By Dan Williams
Saturday, January 20, 2007; 5:27 PM
JERUSALEM (Reuters) - A senior official of Israel's central Holocaust memorial on Saturday assailed Jewish settlers who harass Palestinians in a tinderbox West Bank city, saying the abuse recalled the anti-Semitism of 1930s Europe.
The attack by Yosef Lapid, chairman of Yad Vashem's advisory council, was prompted by Israeli television footage showing a Hebron settler woman hissing "whore" at a Palestinian neighbor and settler children lobbing rocks at Arab homes.
The spectacle stirred outrage in the Jewish state, where many view the settlers as opposing coexistence with a future Palestinian state in the West Bank and Gaza Strip.
Lapid, a Holocaust survivor who lost his father to the Nazi genocide, said in a weekly commentary on Israel Radio that the acts of some Hebron settlers reminded him of persecution endured by Jews in his native Yugoslavia on the eve of World War Two.
"It was not crematoria or pogroms that made our life in the diaspora bitter before they began to kill us, but persecution, harassment, stone-throwing, damage to livelihood, intimidation, spitting and scorn," Lapid said, reiterating remarks made earlier this week in Israel's Maariv newspaper .
"I was afraid to go to school, because of the little anti-Semites who used to lay in ambush on the way and beat us up.
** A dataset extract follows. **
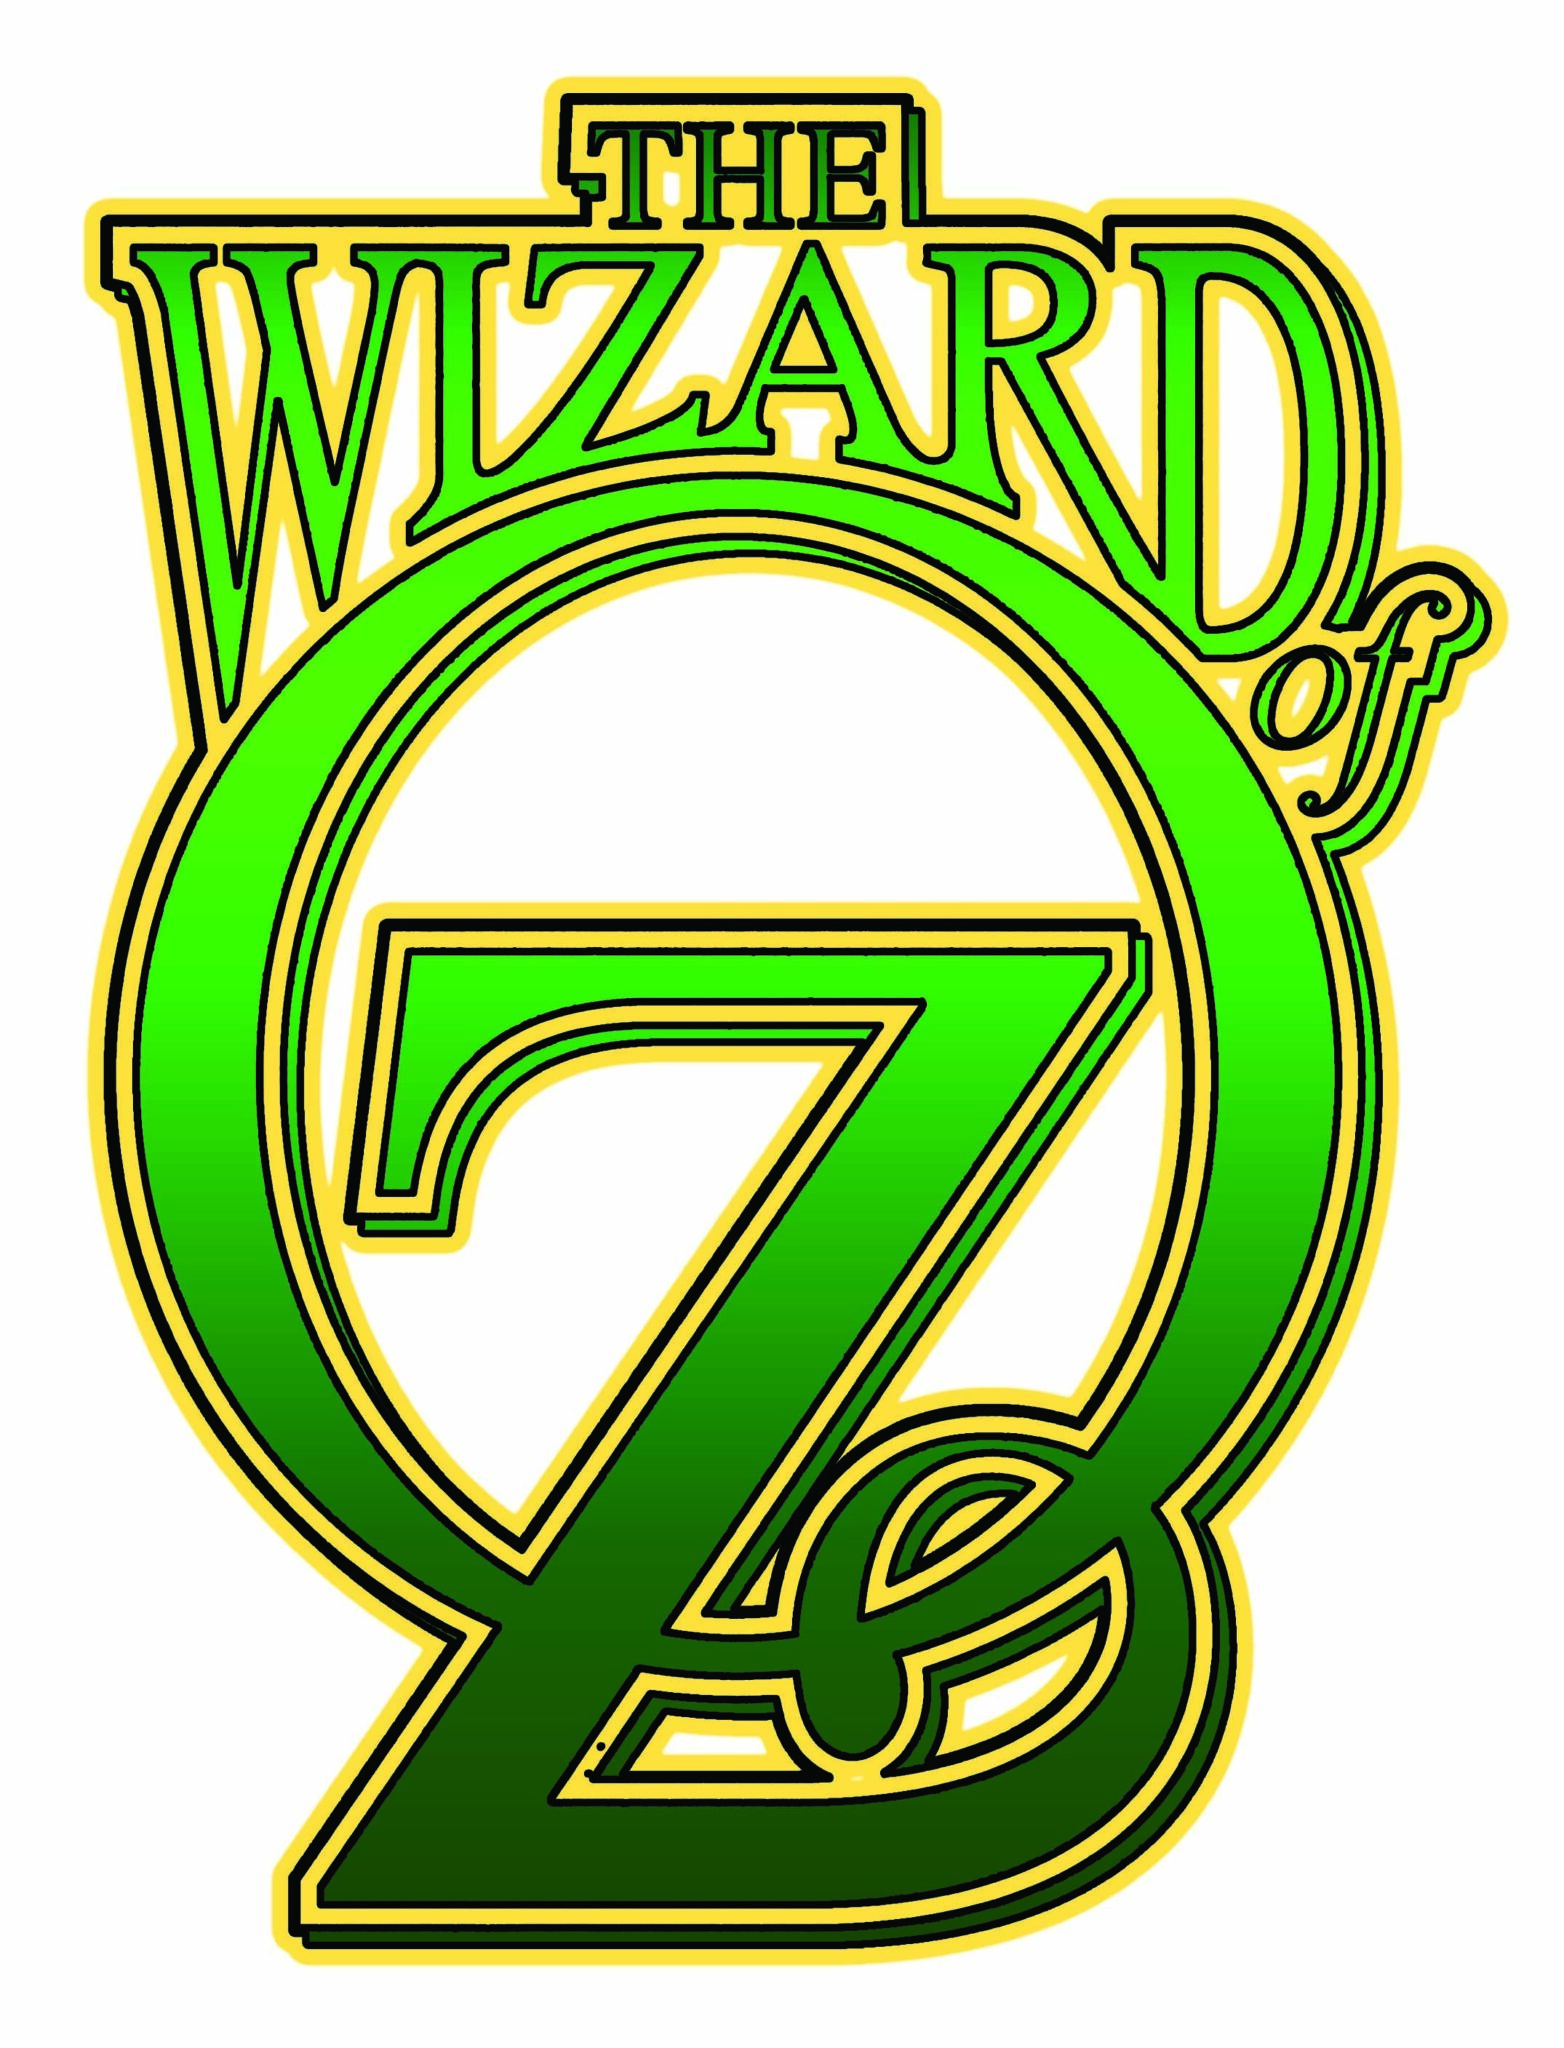 Arrogance is not confidence Arrogance is the Wizard of Oz

How is that different from a Palestinian child in Hebron?"
Estee Yaari, a spokeswoman for Yad Vashem, said the organization did not stand by the comments of Lapid, who spoke in his capacity as a radio commentator.
"Lapid was not speaking on behalf of Yad Vashem but as a private person," Yaari said.
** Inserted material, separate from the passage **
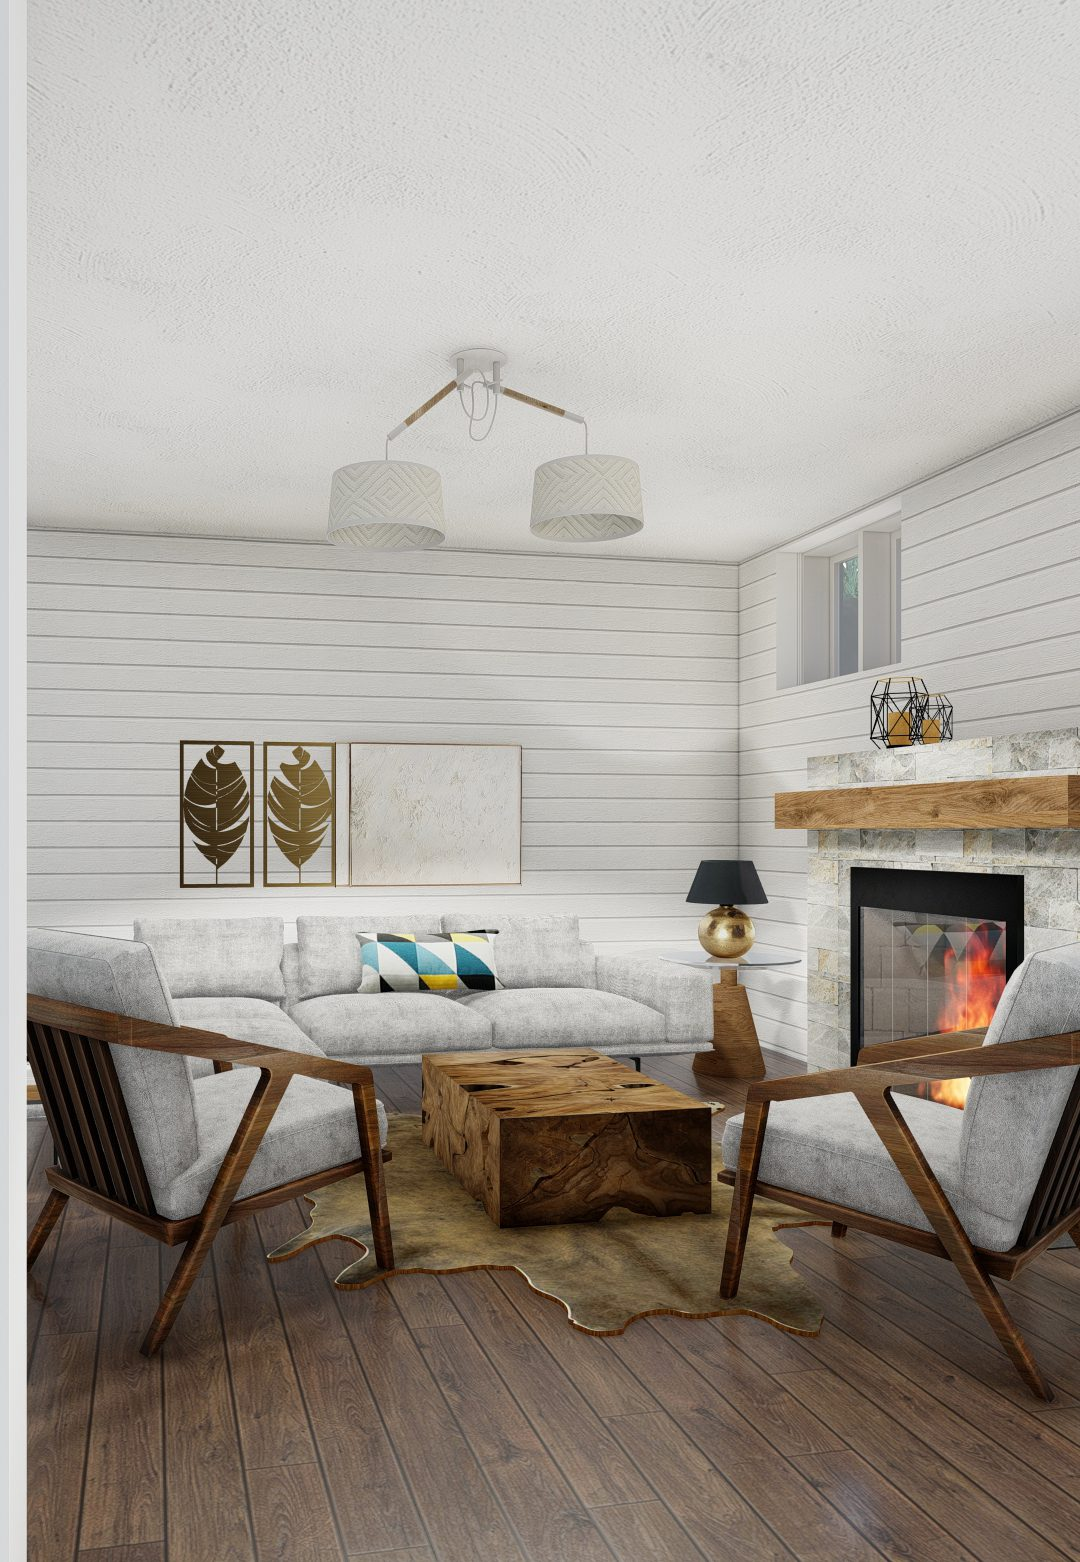 Normerica Timber Homes, Timber Frame, House Plans, The Herridge 3979, Interior, Basement

Hebron has been a frequent flashpoint of more than six years of Israeli-Palestinian fighting. Some 400 settlers live there, under heavy Israeli military guard, among 150,000 Palestinians.
"The man is obviously a very, very sick person, to compare the Jews in Hebron to barbarians and compare us to the Nazis," David Wilder, a spokesman for the settlers in Hebron, said in response to Lapid.
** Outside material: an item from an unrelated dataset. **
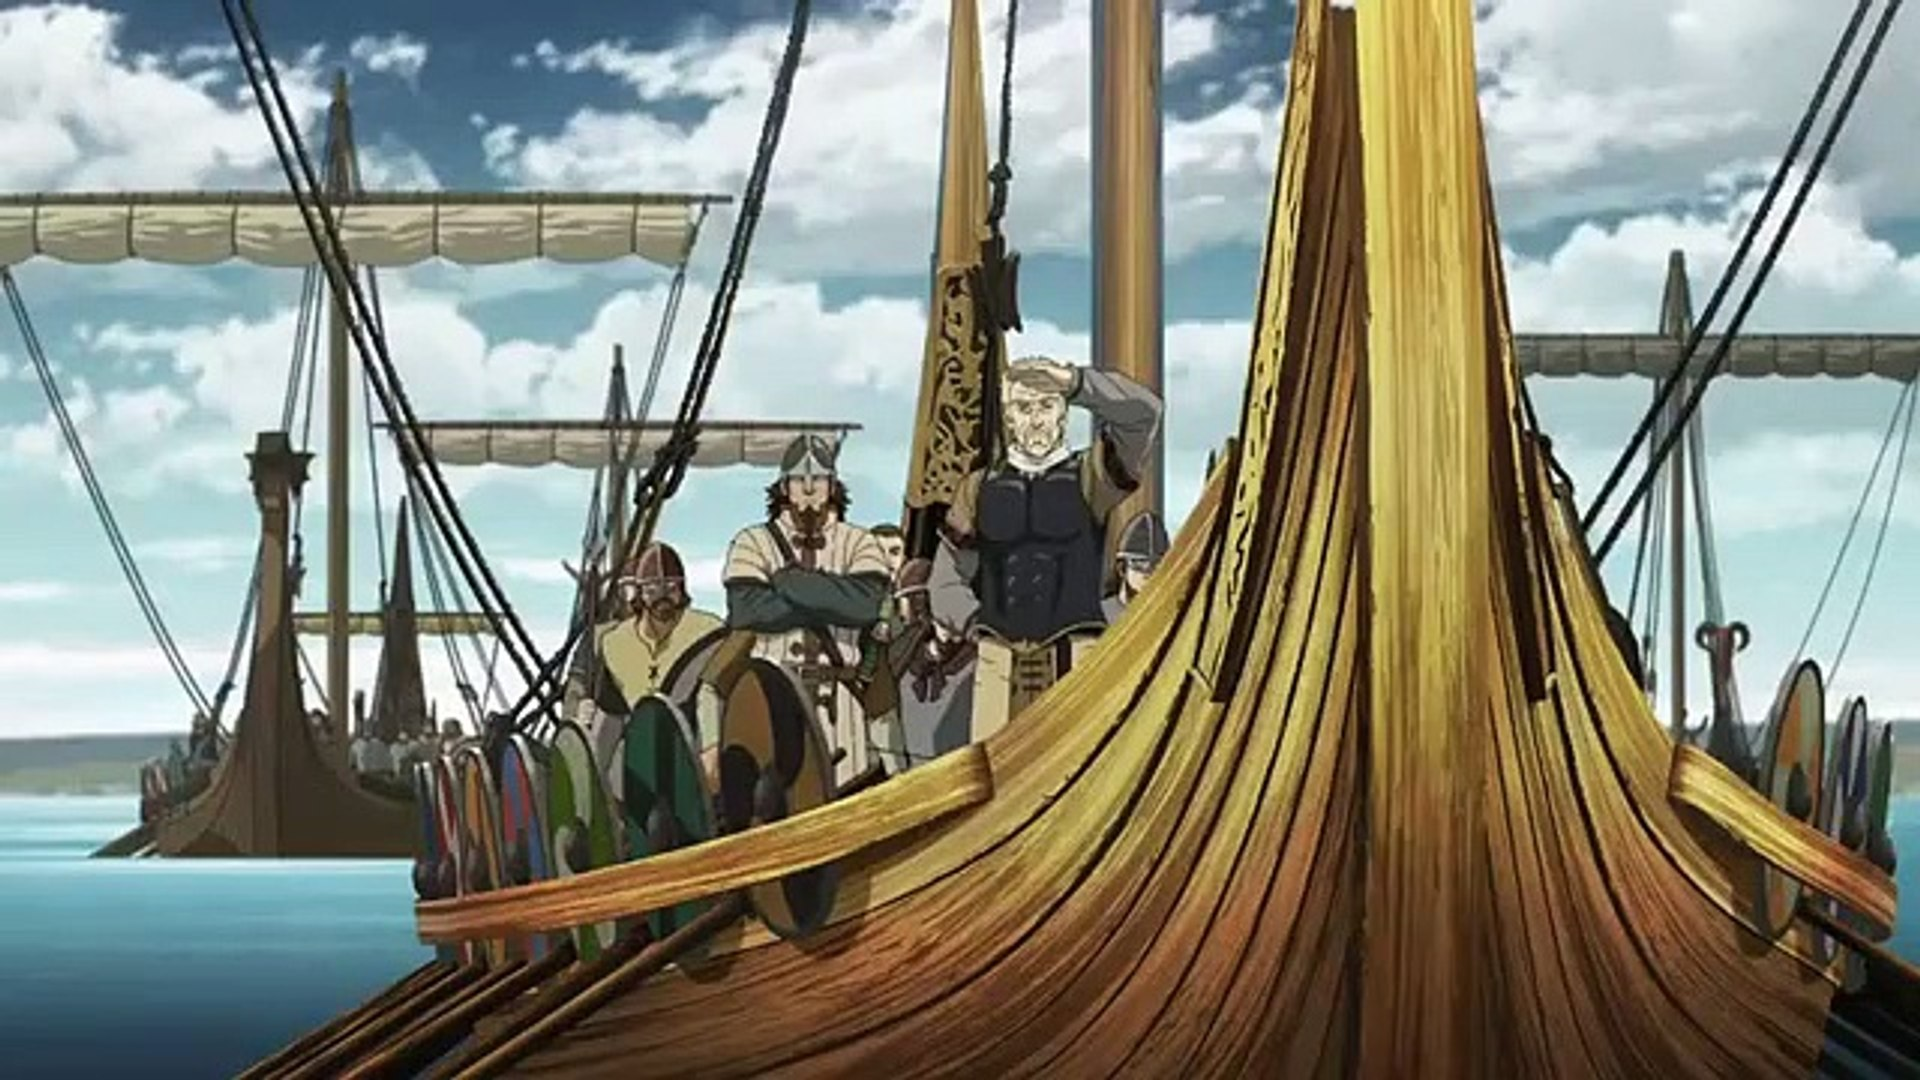 Angel O Demonio S01E01 Cda vinland saga ep 9 vostfr - dowload anime wallpaper hd

Another community spokesman, Noam Arnon, said 37 Jews had been killed in the Hebron area in the past six years.
Israeli Prime Minister Ehud Olmert ordered a cabinet-level probe last week into Palestinian allegations that abuse by Hebron settlers is commonplace and routinely ignored by Israel.
Hebron Governor Afif Jabari said:" If they are serious about coexistence, the Israelis must take practical steps on the hundreds of daily violations against Palestinians in the old city."
Lapid, a former Israeli justice minister, appeared to agree.
"We Jewish citizens of Israel wave a reprimanding finger at most. Worse still, I tolerated this silently as justice minister too," Lapid said.
The World Court has branded the settlements illegal but many Jews claim a biblical birthright to the West Bank, which Israel captured from Jordan in the 1967 Middle East war.
Lapid said while there was no comparing the Holocaust, in which 6 million Jews died, with Palestinian suffering from Israel's policies, this did not mean Israelis could not be culpable.
"It is inconceivable for the memory of Auschwitz to warrant ignoring the fact that there are Jews among us who behave today toward Palestinians just like German, Hungarian, Polish and other anti-Semites behaved toward Jews," he said.